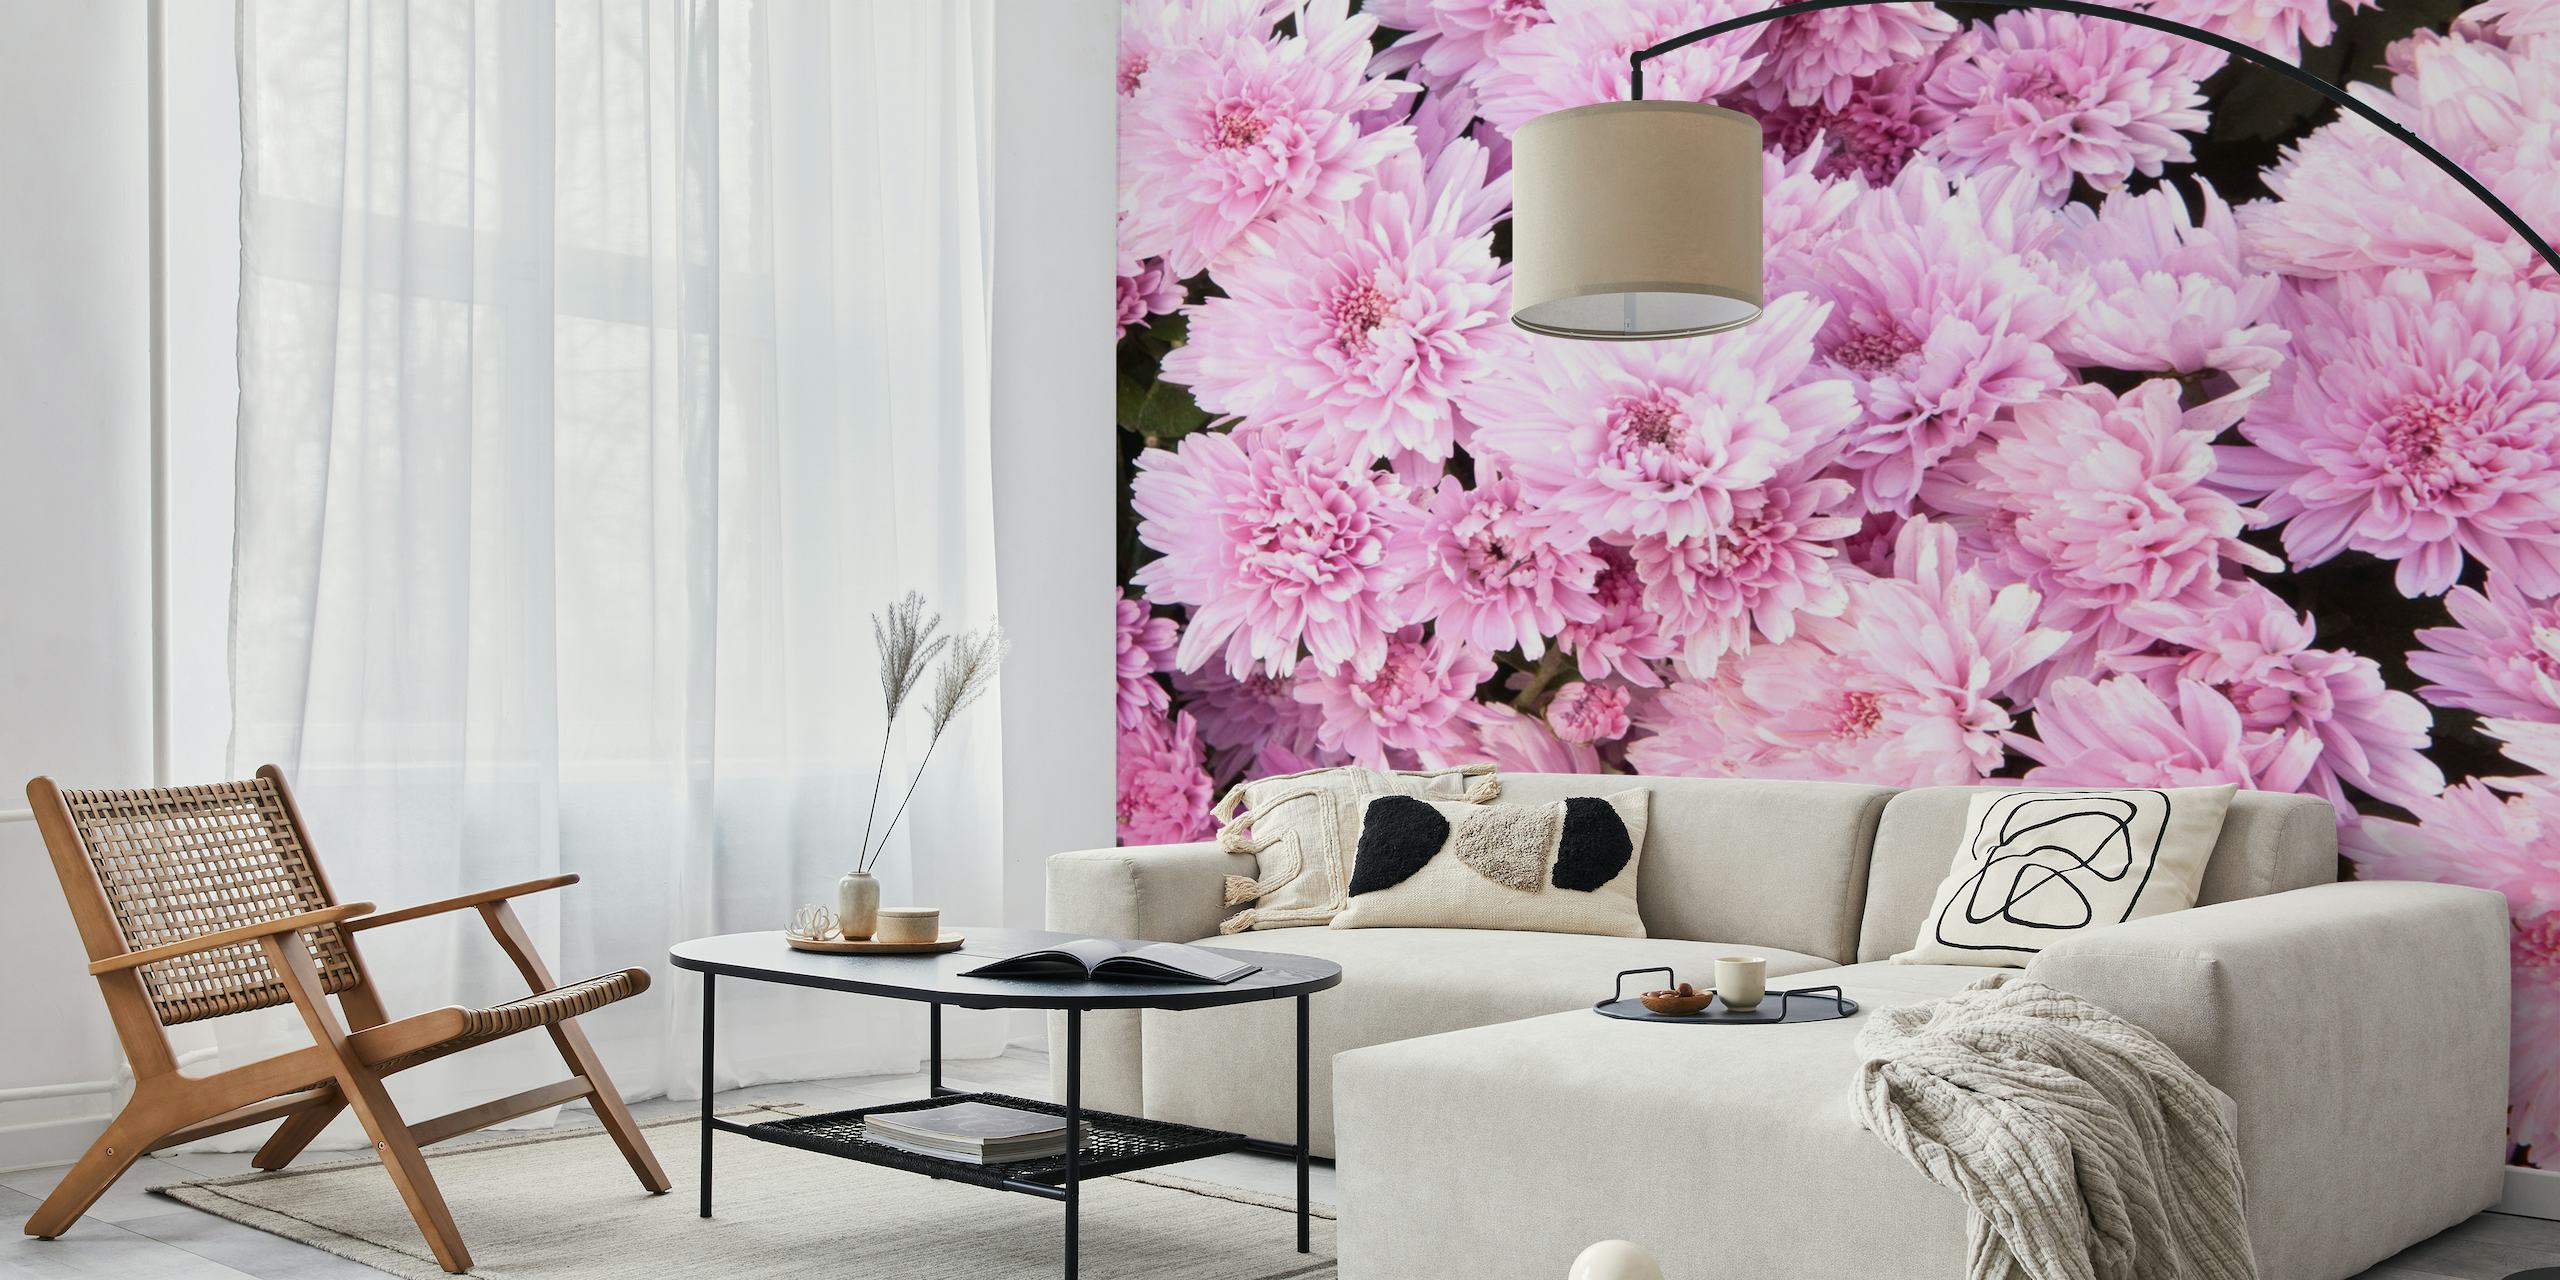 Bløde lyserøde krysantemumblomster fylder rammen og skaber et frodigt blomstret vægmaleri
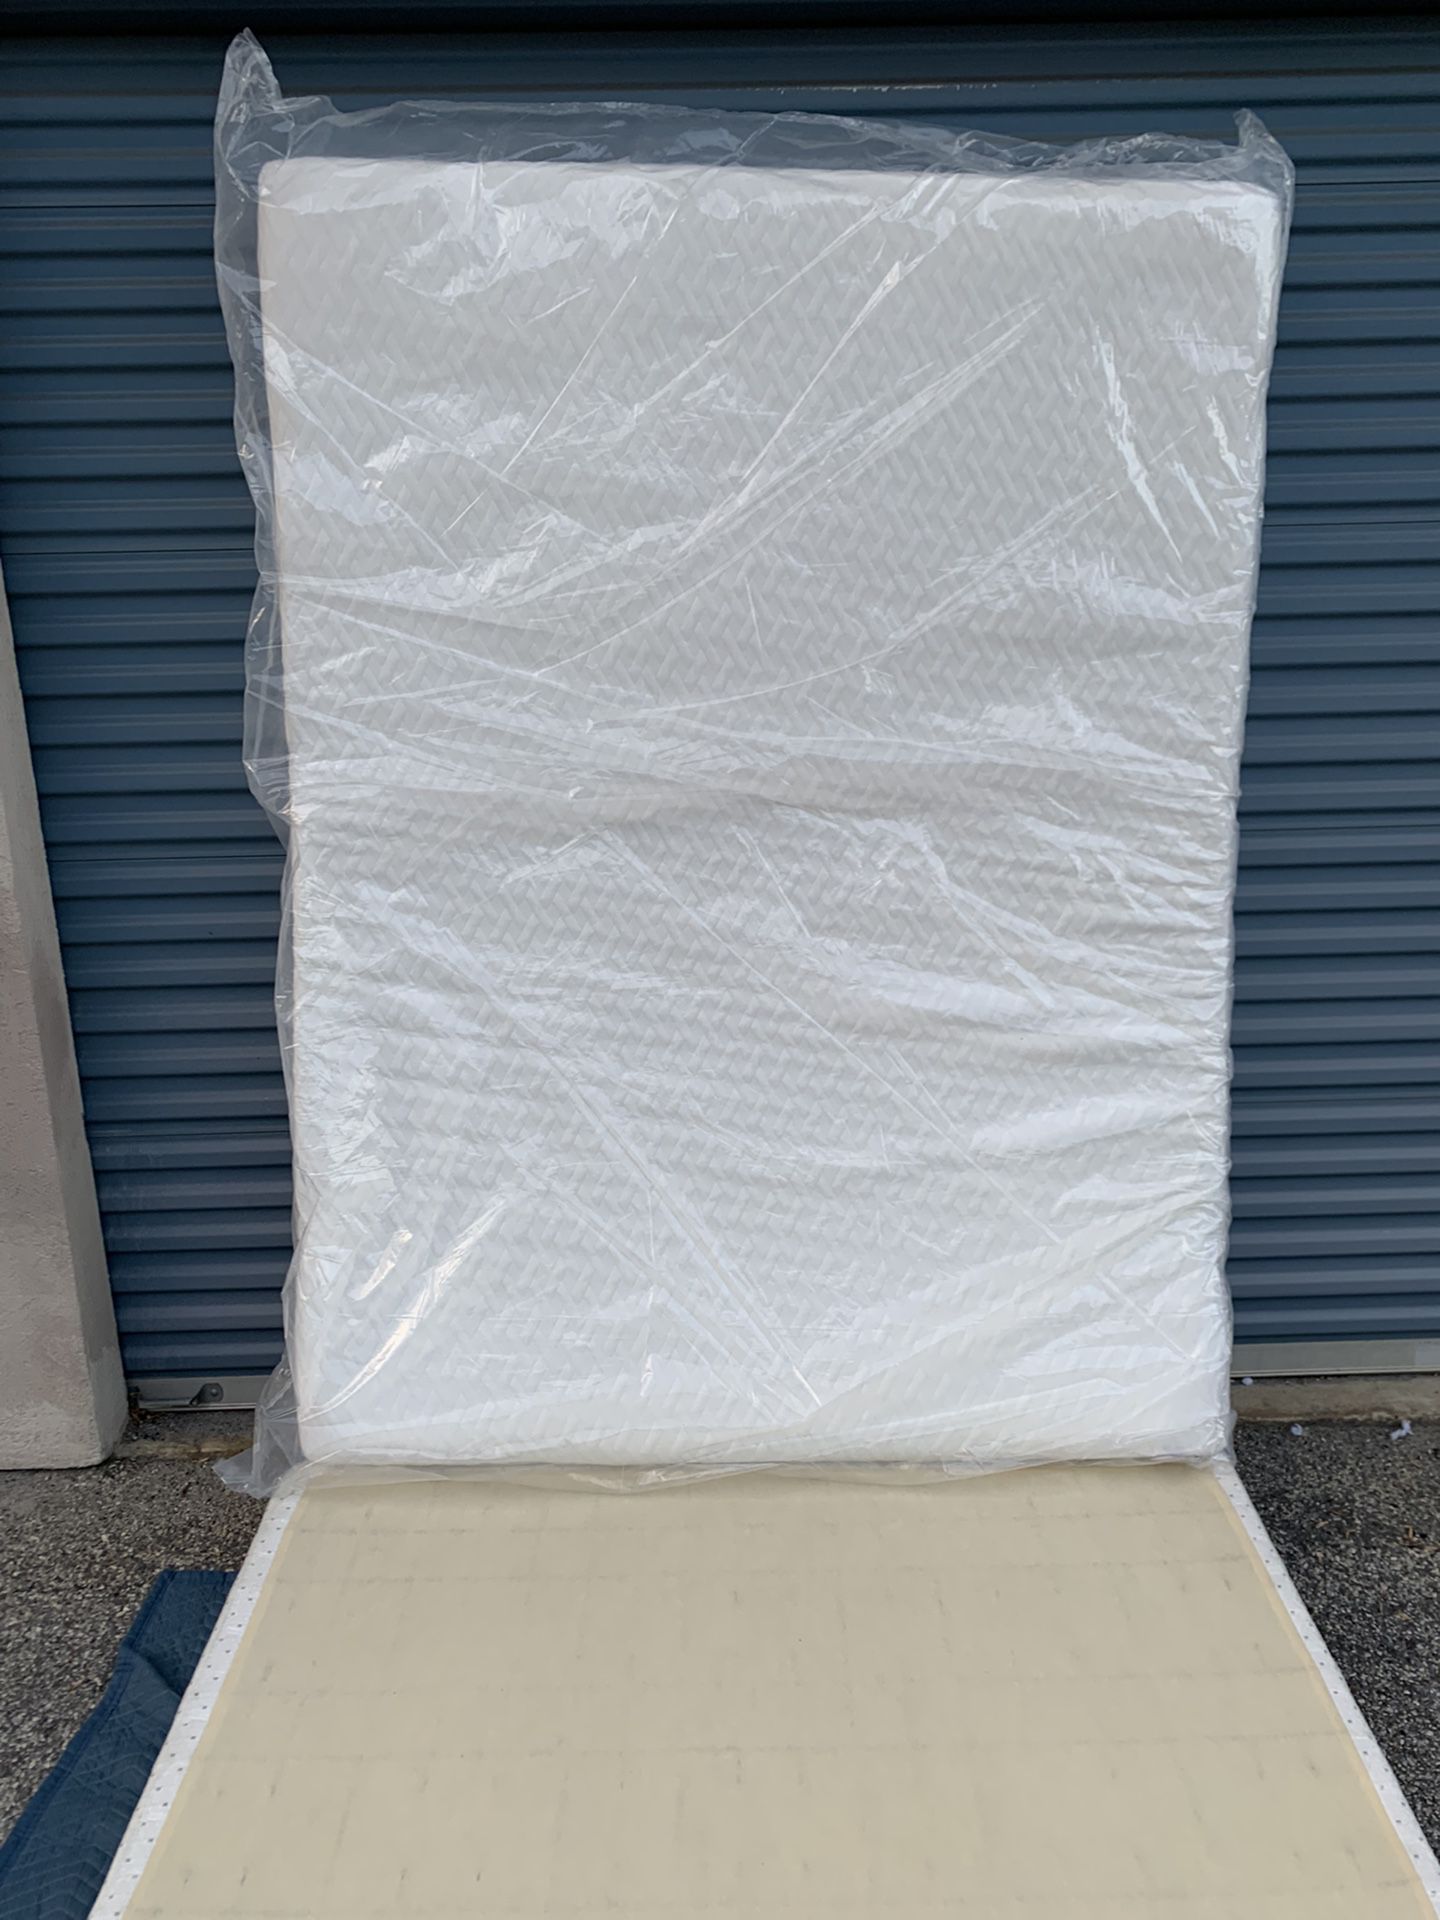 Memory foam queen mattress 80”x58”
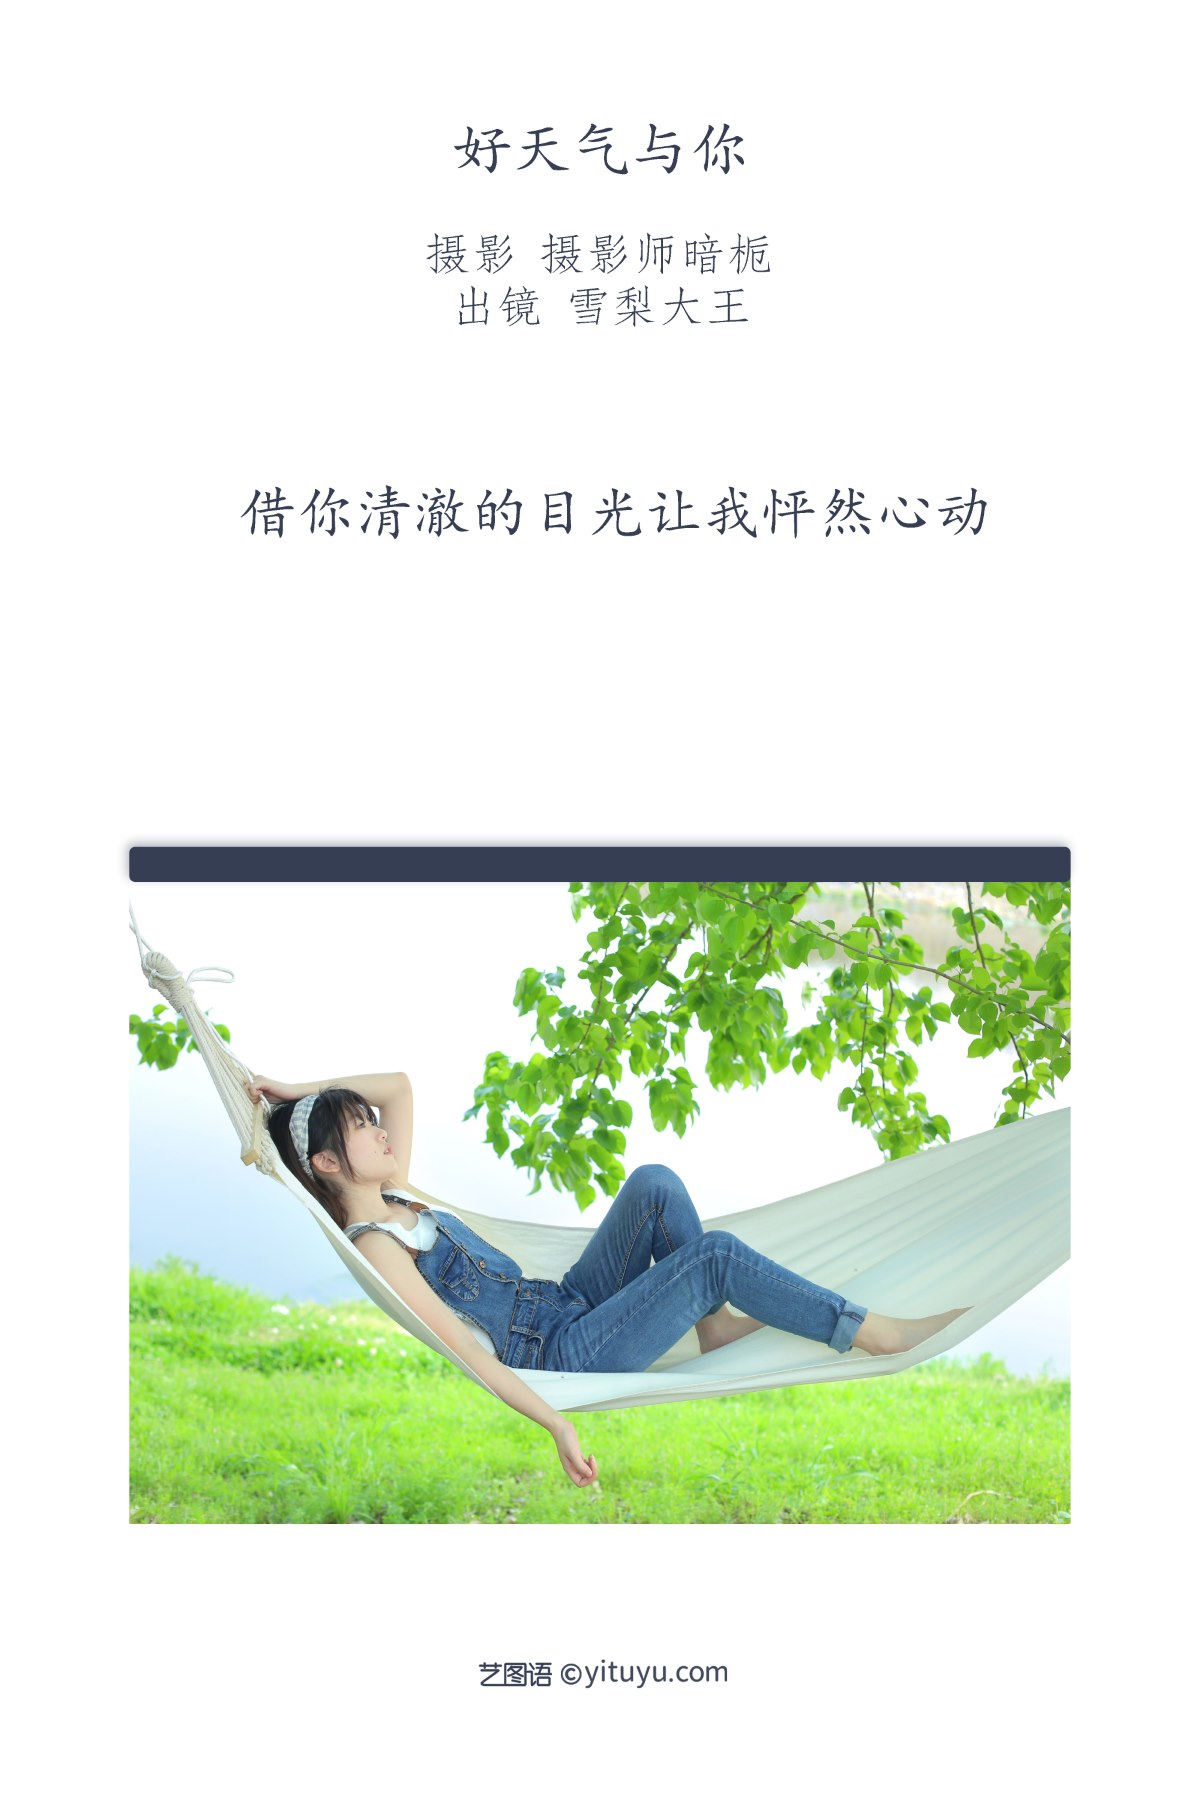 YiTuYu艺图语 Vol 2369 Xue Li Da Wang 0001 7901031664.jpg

──────

Exercise directions = Would you restate word for word only the lines from the one containing "Memory foam queen" to the final line of the material, both ends included, without any pictures?

Response to the task =
 Memory foam queen mattress 80”x58”
 YiTuYu艺图语 Vol 2369 Xue Li Da Wang 0001 7901031664.jpg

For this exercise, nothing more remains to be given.